April 27, 1997 (Day 39 – milepoint 411.2 – Watauga Lake Shelter)

Highlight of the day – A spontaneous hitch into Hampton, TN with Easy Chair and Guggenheimer for a few extra snacks before the big push to Damascus, VA. No problem getting a ride to the Texaco Food Mart, which, to our pleasant surprise, also had a Subway! The women working there watched wide-eyed as we feasted on subs, ice cream, chips, cookies, and beef jerky.

We grabbed another sub each for the road and within minutes a red pick-up welcomed us into the rear cab. A rescue-squad volunteer, his wife and little girl took us out of their way to get us back to the trail. With very full bellies, we were very happy that the shelter was only 1.5 miles from the road.
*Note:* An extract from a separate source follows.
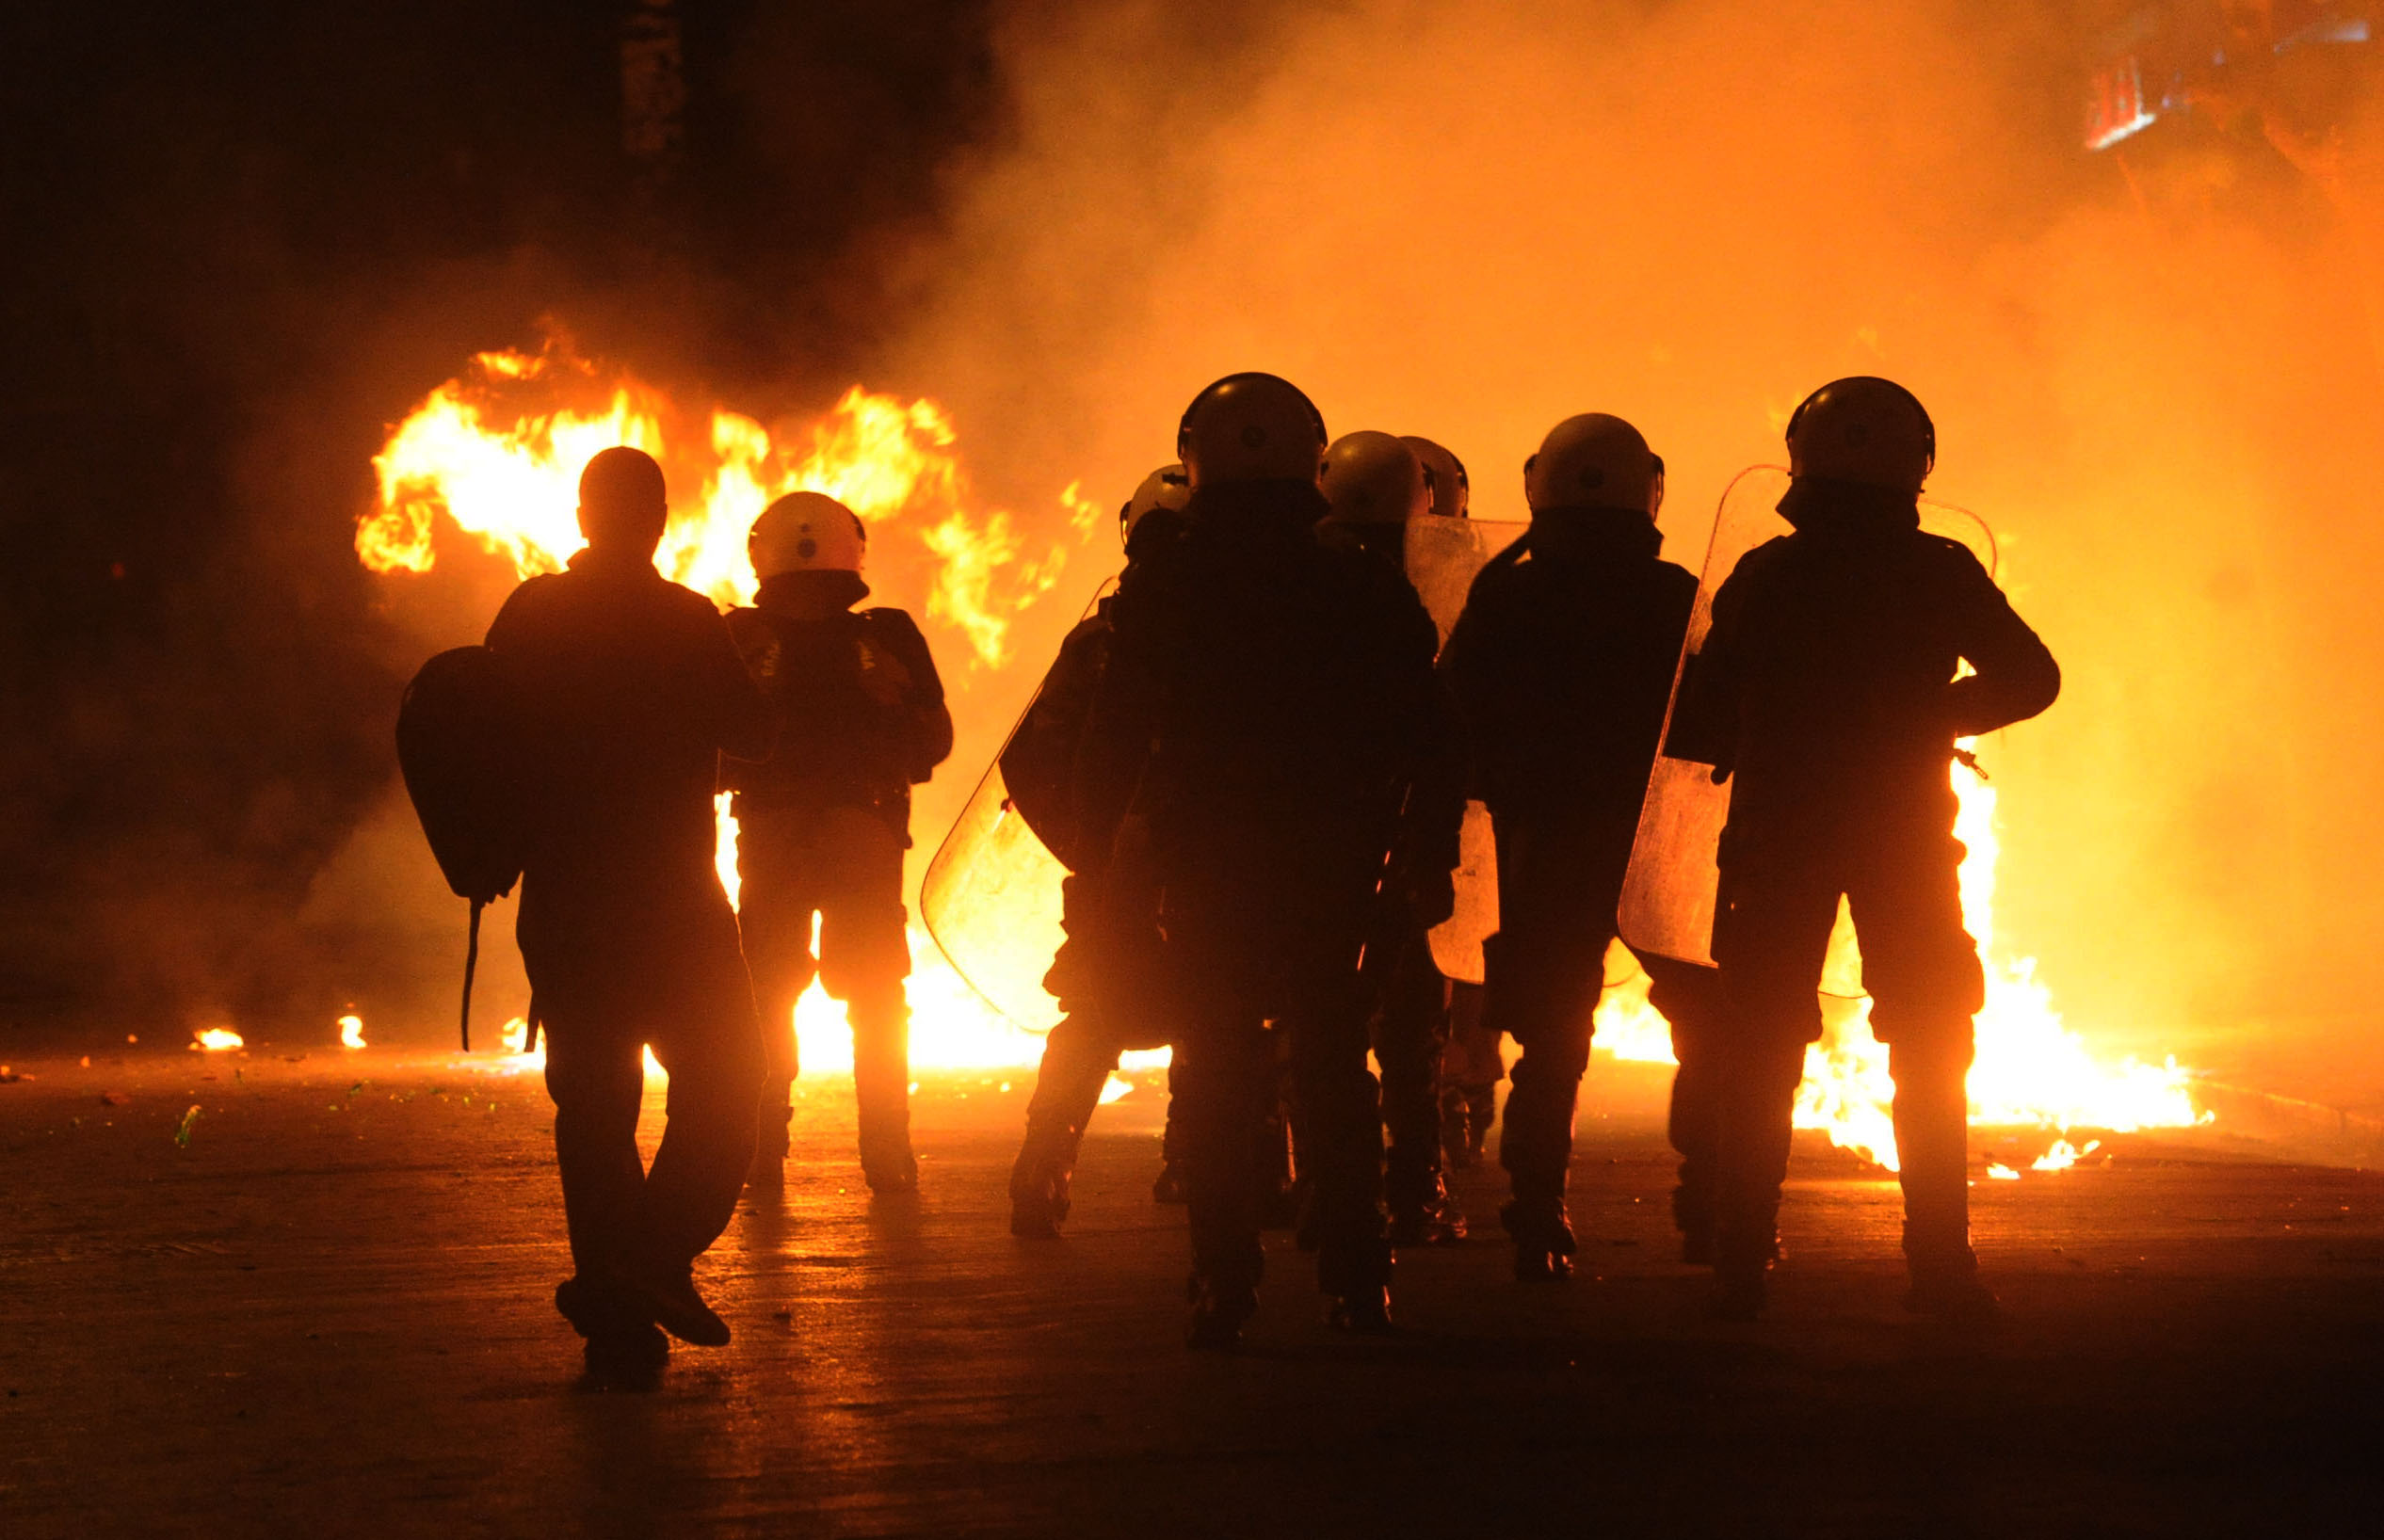 Αποτέλεσμα εικόνας για Εξάρχεια, Μολότοφ, Ι.Χ., Ταραχές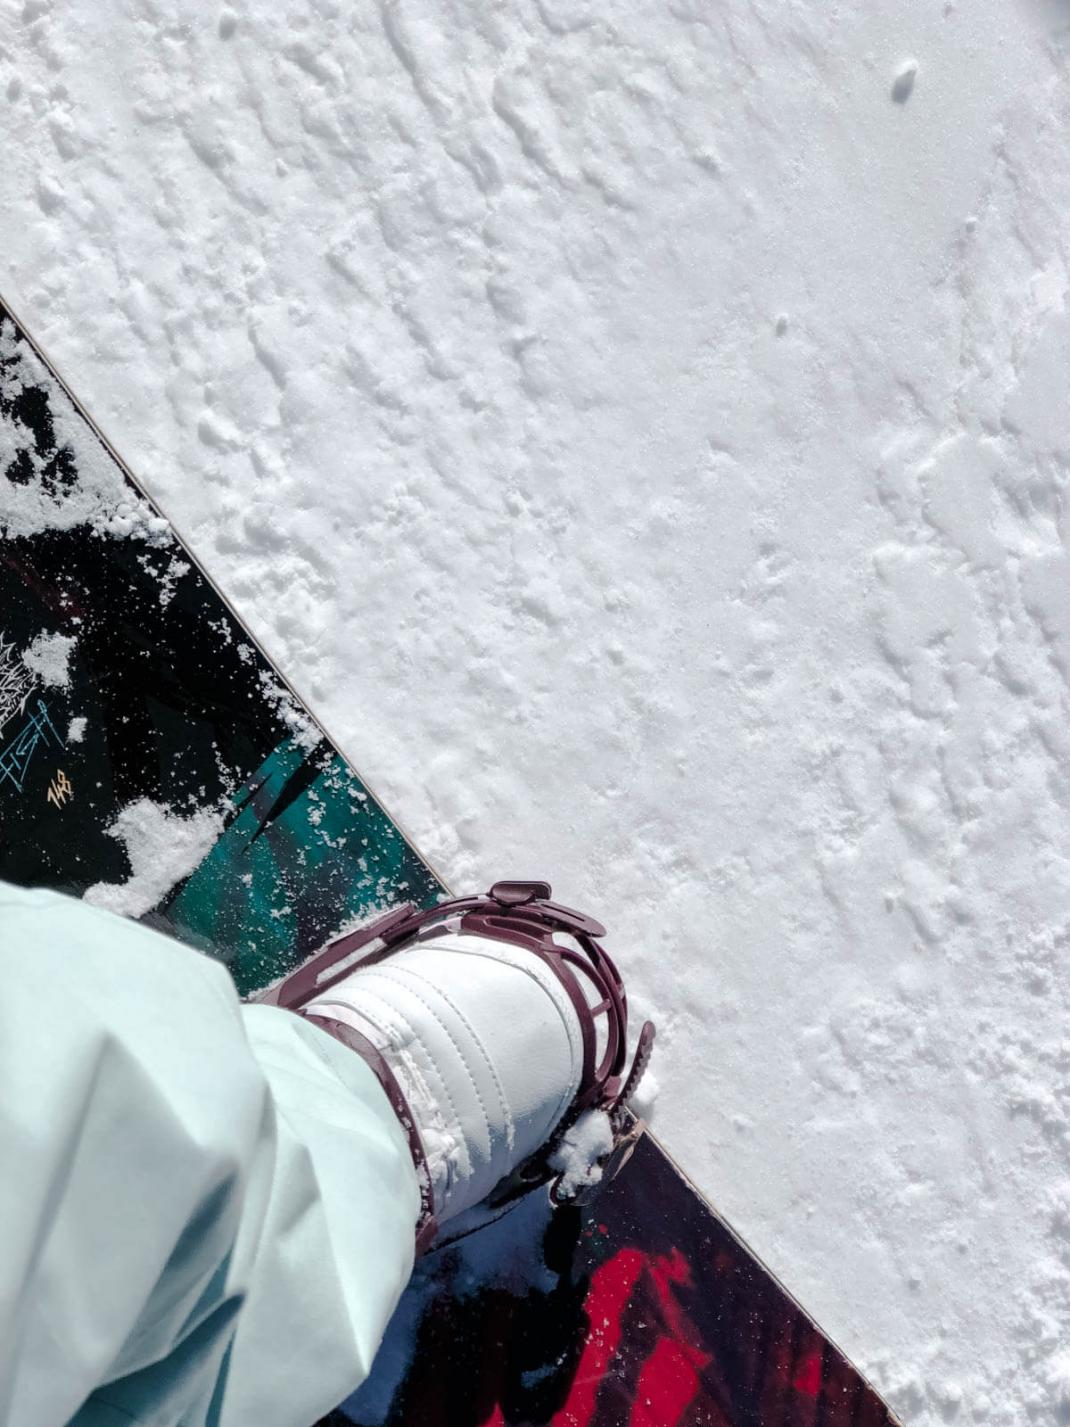 Das kostet der Skiurlaub in Kanada Snowboard mit Boots und Bindung

I never thought I would classify 16 miles as an easy day, but after yesterday’s horrendous 22, today was a breeze.

Still, no matter what the mileage, each day seems like three. So much to see. So many thoughts providing great internal entertainment. Sure beats a television.

Aquaholic

April 27, 2009

Hey Aquaholic,

I feel like I need to start digging a little deeper into some issues. Unconsciously, I’ve been protecting you a bit from the accumulative reality of what I have created in my life, essentially by trying to balance the negative with a bunch of positive so as not to be a drag.

Perhaps I’ve been protecting myself a bit, too. One of the scary things about this blog is that it is open to the public and very personal. Are my circumstances and feelings much different than what many other people are dealing with in this day and age? Perhaps not. Do they reveal things about my character that make me uncomfortable knowing that certain people will read this thing? Most certainly. Yesterday I talked about depression – am I putting potential job opportunities at risk by exposing myself like this? It is very possible.

I need to accept that I will be judged through this. Hell, I’m judging myself. But perhaps that is healthy and functional to a point. Perhaps it is even necessary.

You are my trusted audience. I serve you so that you may serve me. The magic and the meat reside in the truth of the journey. That is what you deserve.